Fresh eyes with flashbacks
Each day, I read the prompt when I am ready to start writing, not before. I don’t have pre-knowledge of what these questions are and yet it seems like every day when I open it and read the question for the first time, there’s something I’ve said in the prompt the day before (and every day prior to that) that reflects exactly where I need to go with the current question.
Yesterday I talked about taking responsibility and ownership of my own happiness rather than trying to affect that of somebody else because that’s a recipe for disaster. It’s literally not possible to be the cause of somebody’s happiness or unhappiness. Sure, your actions and reactions can affect them, but they are the ones that get to choose how they are affected. Not you. Not me.
I’ll take responsibility for myself, not you
Taking responsibility for, and ownership of, one’s own happiness is a great starting point for this question. In taking responsibility for self, how can I also learn to alleviate myself of the responsibility of the happiness of others? I’ve kind of already answered it. We are responsible for our own actions and reactions just as everybody else is.
What I say and do will only affect another in the way that they choose to be affected. Just as what they say and do only affects me in the way I choose to be affected. Note that ‘choose’ is a convoluted word because there is the whole thing of cause-and-effect, trauma, experiences, and learning, which all impact how you act and react. But in taking responsibility for those actions and reactions, we can unpack it all and do better, become better, become happier.

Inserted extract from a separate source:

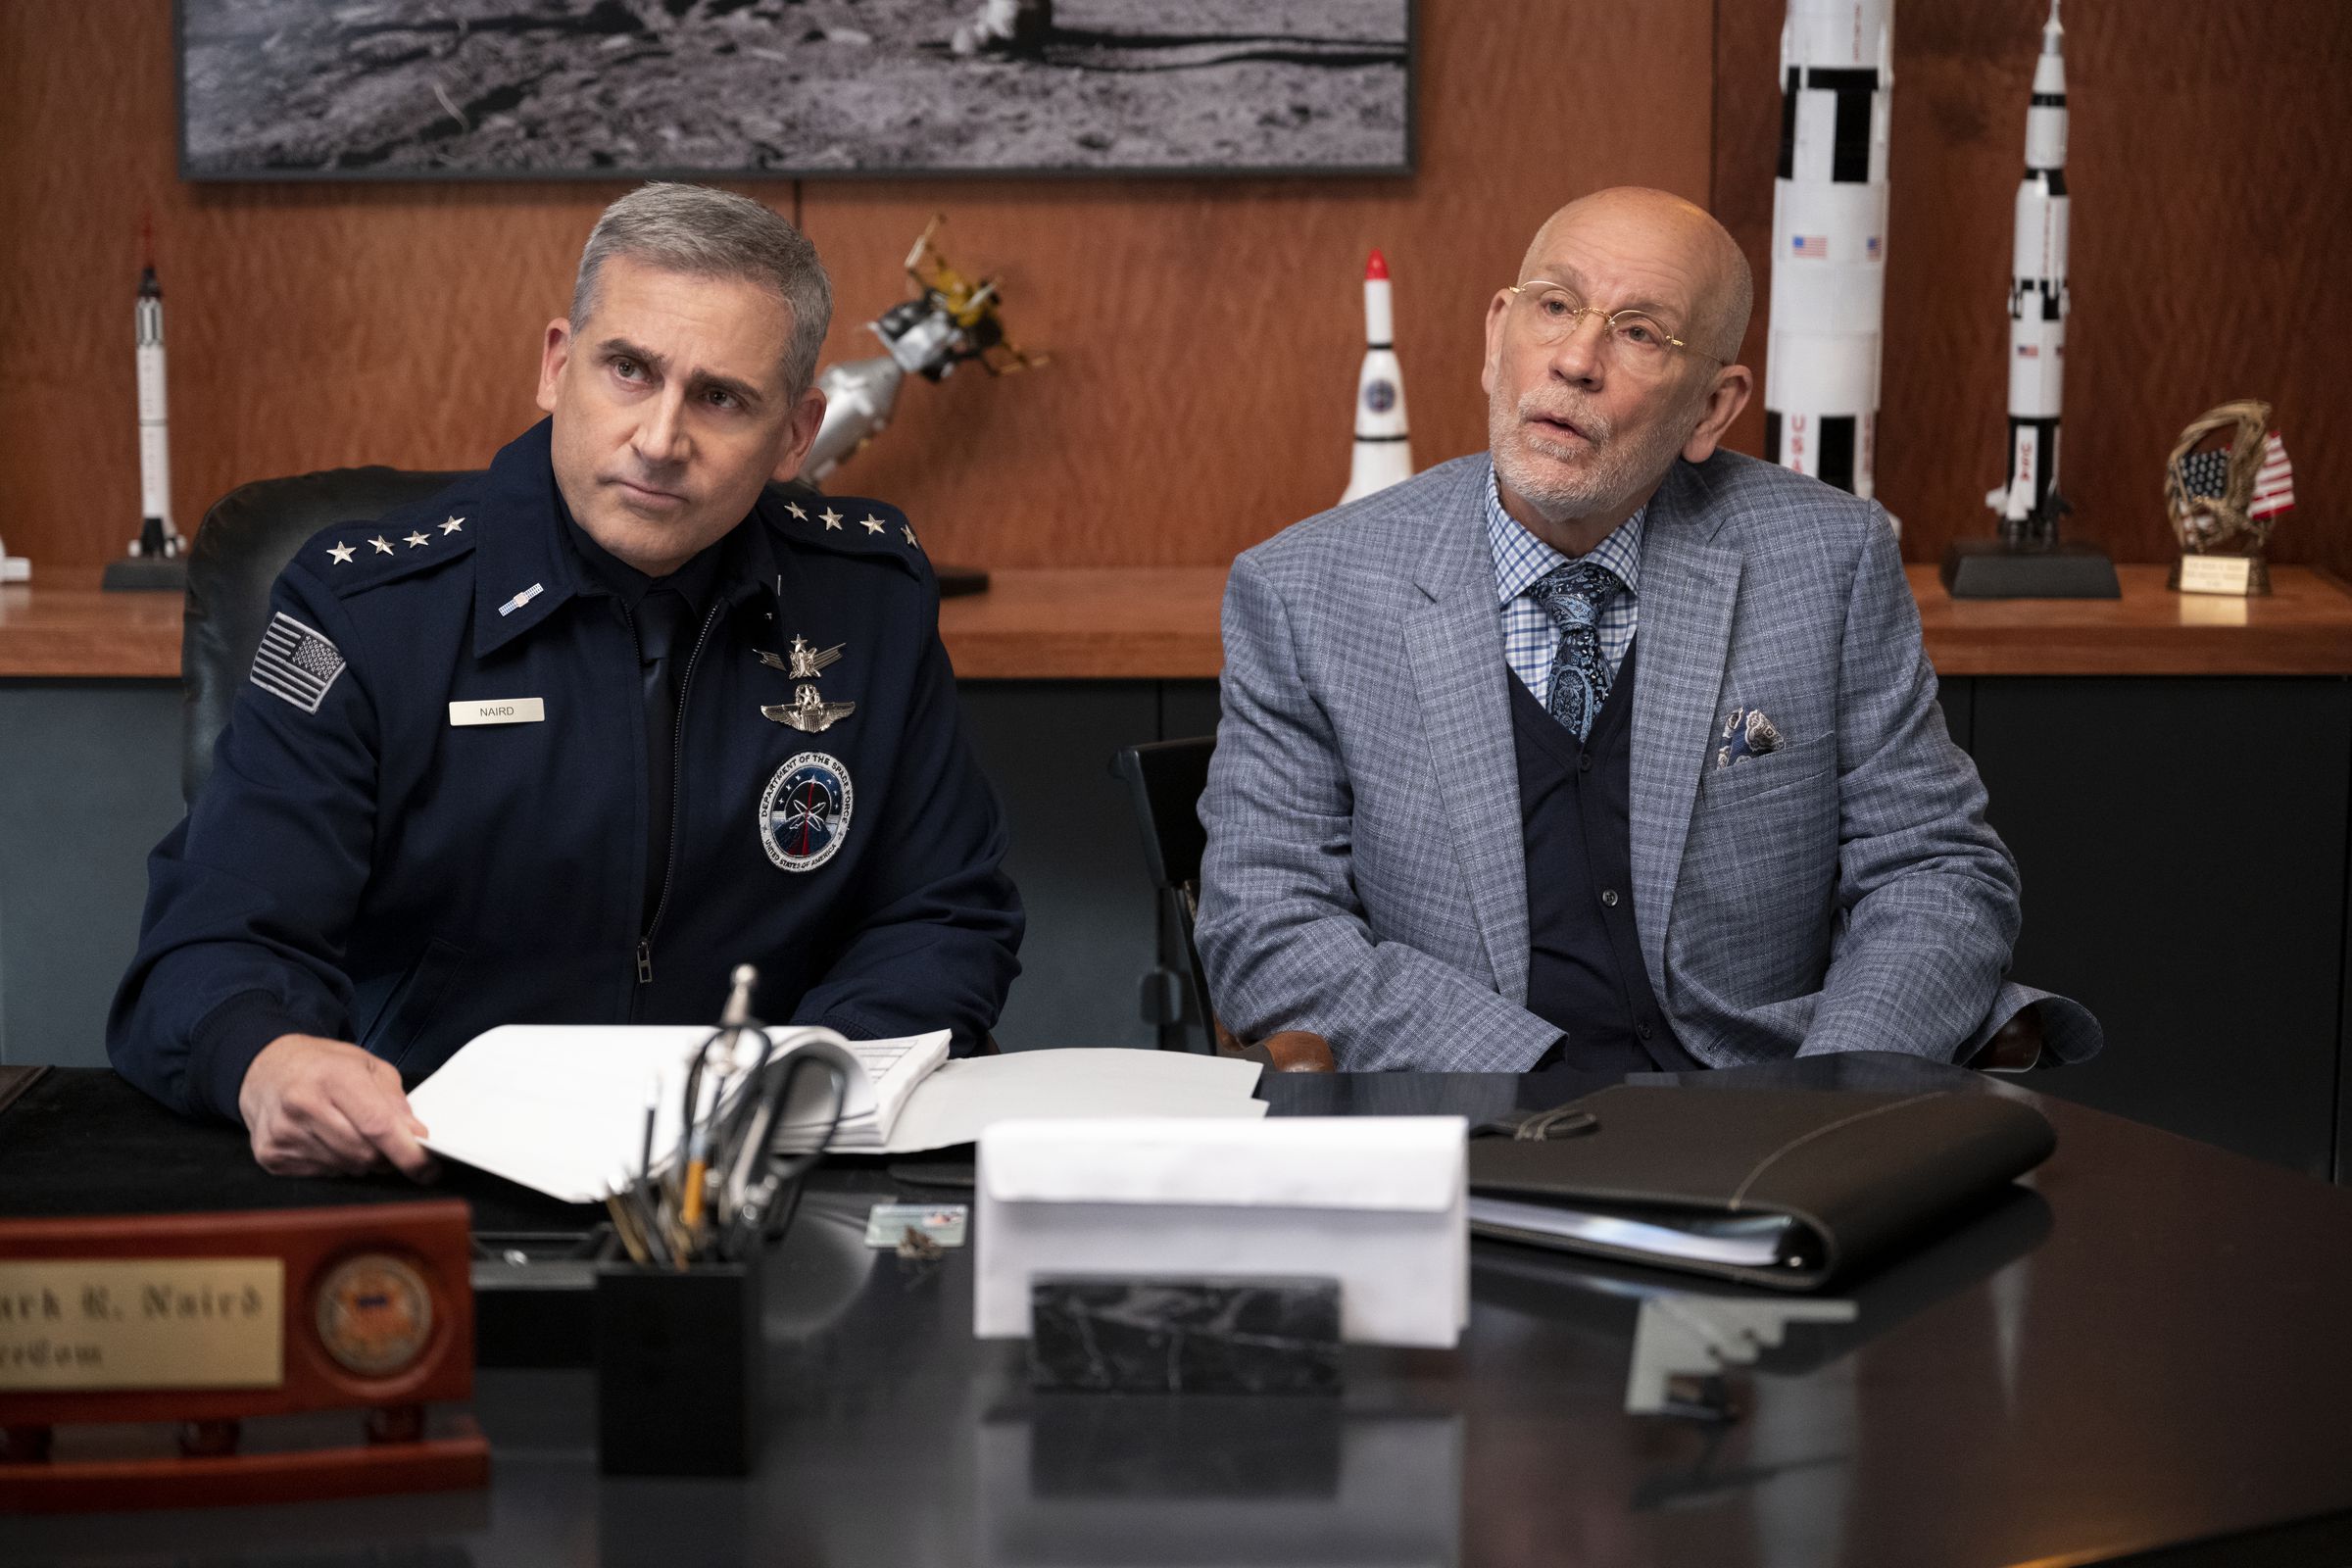 Steve Carell as General Mark Naird, John Malkovich as Dr. Adrian Mallory in Space Force.

I reacted but pulled myself up
Yesterday, someone commented on one of my posts. In one paragraph, they used directive terminology, ‘you’, and the way it was written I felt like it was written directly AT me. And so, in that moment I CHOSE to take offense. It was only in stepping back and thinking, “Wait. Why am I feeling this way?” that I was able to relook at the context and realize that they were not attacking me at all. They were agreeing and rewording it in a way to emphasize what I was saying. If I had not taken that moment, and just retaliated, I could have lost a reader, respect, an ally, possibility, opportunity… There is so much I could have lost in a moment of choosing to be affected in a particular way. In that simple moment of stopping myself, of looking at how I was feeling and reflecting on that, I realized I was misinterpreting their words because I was triggered simply by the word, “You.”
So…
How can I learn to stop taking responsibility for alleviating the emotional discomfort of others?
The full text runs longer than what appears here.